Thursday, June 24, 2010

Flatware Love.

You know they want to be together!

(Remember last week when you caught little spoon on desert forks side!)
You know it wasn't the first time.
 You can't control this.
They want to be together.
It's time to tear down the plastic walls.


It's not your fault, so don't feel ashamed. But it really is time to move forward.
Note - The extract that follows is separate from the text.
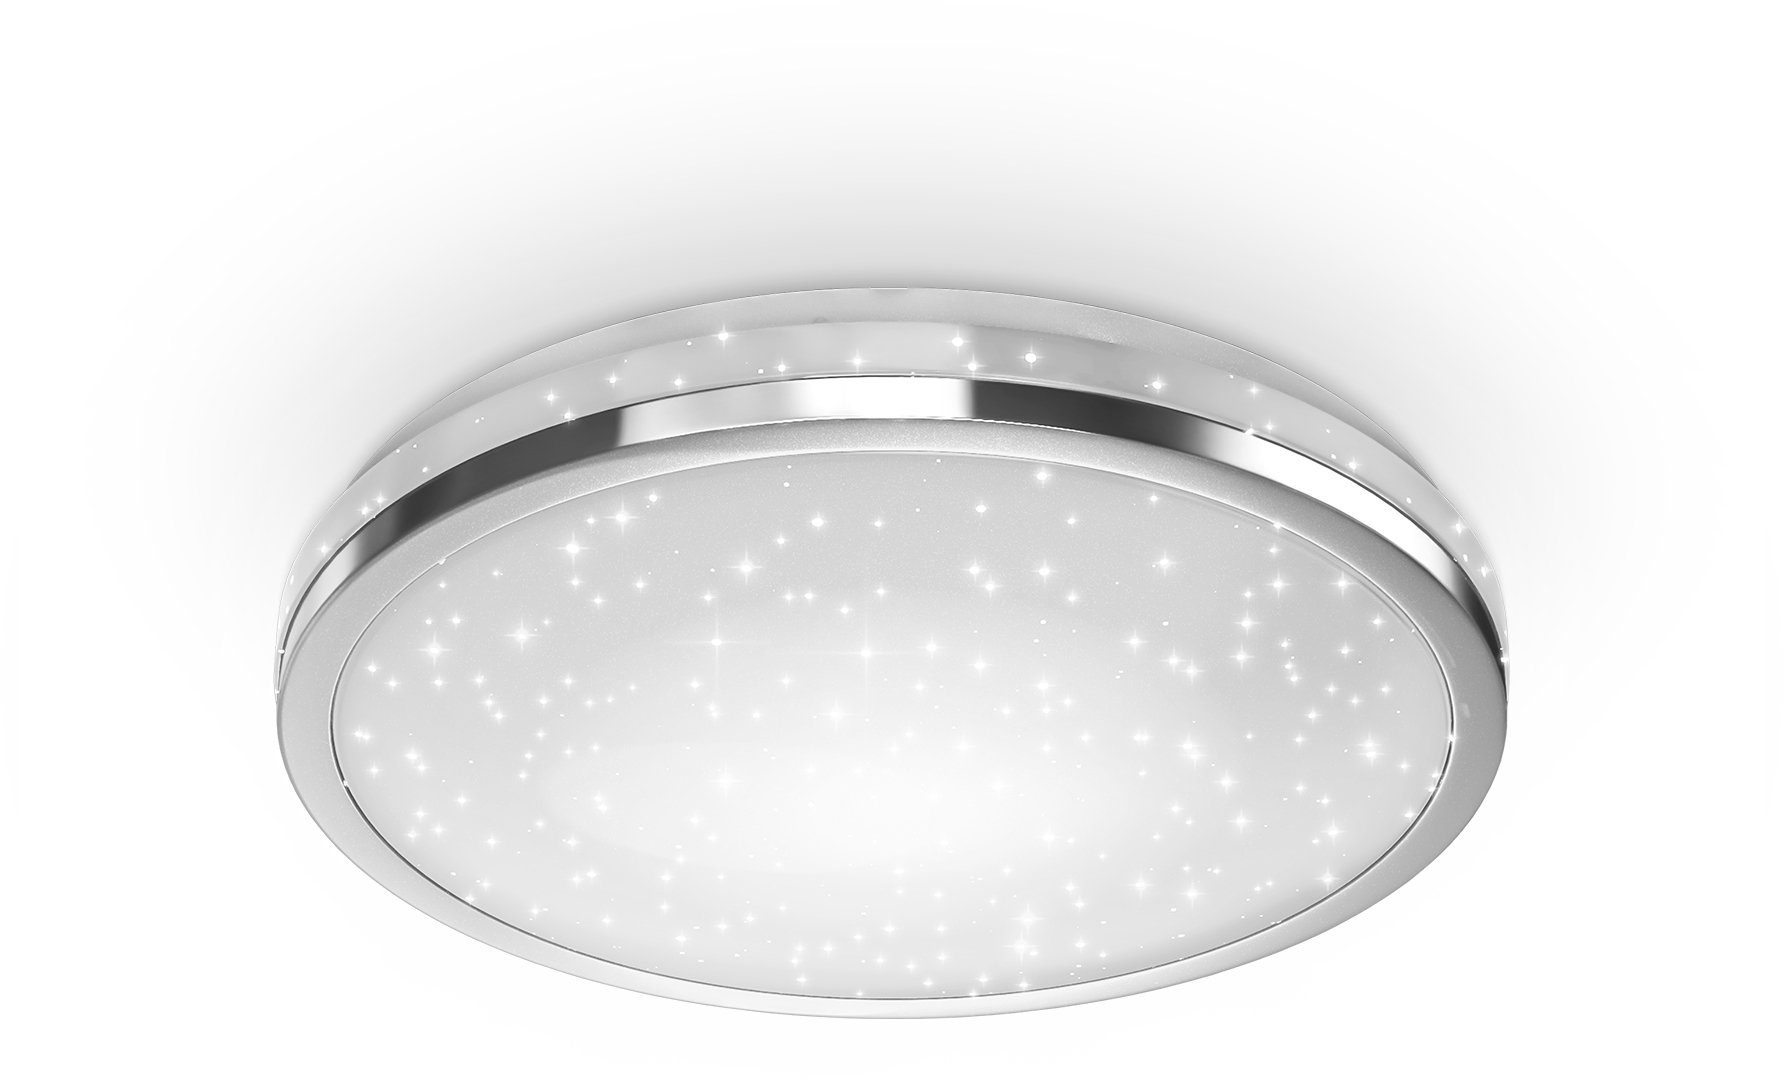 Wunderbar LED Deckenlampe Deckenleuchte, B.K.Licht integriert, neutralweiß, Neutralweiß, 10W mit fest 900lm, LED Sternendekor, LED chromfarben

No doubt the cutlery organizer has been around as long as mankind. I'm sure it was the first thing the caveman ever carved out of stone, presented to his woman.
"Ooga  uga iga ooog" he said, which is caveman for "forks go on the right".
Cave woman was glad. This gave her something to do while she was secretly thinking about a stone-age version of Matt Dylan.
"Oga igo oooog" she said (which means "oh cool! Thanks and you can let go of my hair now")

  Cave woman had a small brain, so it seems like a time saver. She had not yet developed the intelligence to realize that while setting the cave table was about to become a bit simpler, putting the stone/flat ware away was going to take longer. The benefit had cancelled itself out. If she was smart she'd of said "ggoga uki oook", which means "what a colossal waste of time!" in caveman.

Time passed, the dinosaurs died, Jesus was born, explorers sailed the world, a million ideas and theories, tried/tested and dismissed. So what really is the point of the cutlery tray?

Why are we still trying so hard to keep the knives and spoons apart?
Why do we spend so much of our lives protecting the dinner forks from the dessert forks?

(My socks and my bras touch each other all day long...without any obvious consequences (that I know of). Sometimes I toss scarves and underwear in there.
Nothing bad has ever happened.)

Simply put, the cutlery tray is a weapon of suppression, a tool of the paranoid, an enabler to the obsessive compulsive.
The cutlery tray keeps the big spoons and the little spoons apart-(gulp.. it breaks up families!)

I know you want to control something- but you need to find something else. Let go of this primitive notion. This forced separation is futile.
Fork, knife and spoon we're meant to be together. They want to be together. They will be together!
Eventually, even IKEA won't be able to keep them apart.
It's time to dump them all into a heap and be done with it!

Friend, you and your cave-ancestors thought you were in control but you're not.
Put your ear close to the drawer.
They are laughing at you.
The spoon, the fork, the dessert fork, the butter knife, the ice cream scoop...the spatula...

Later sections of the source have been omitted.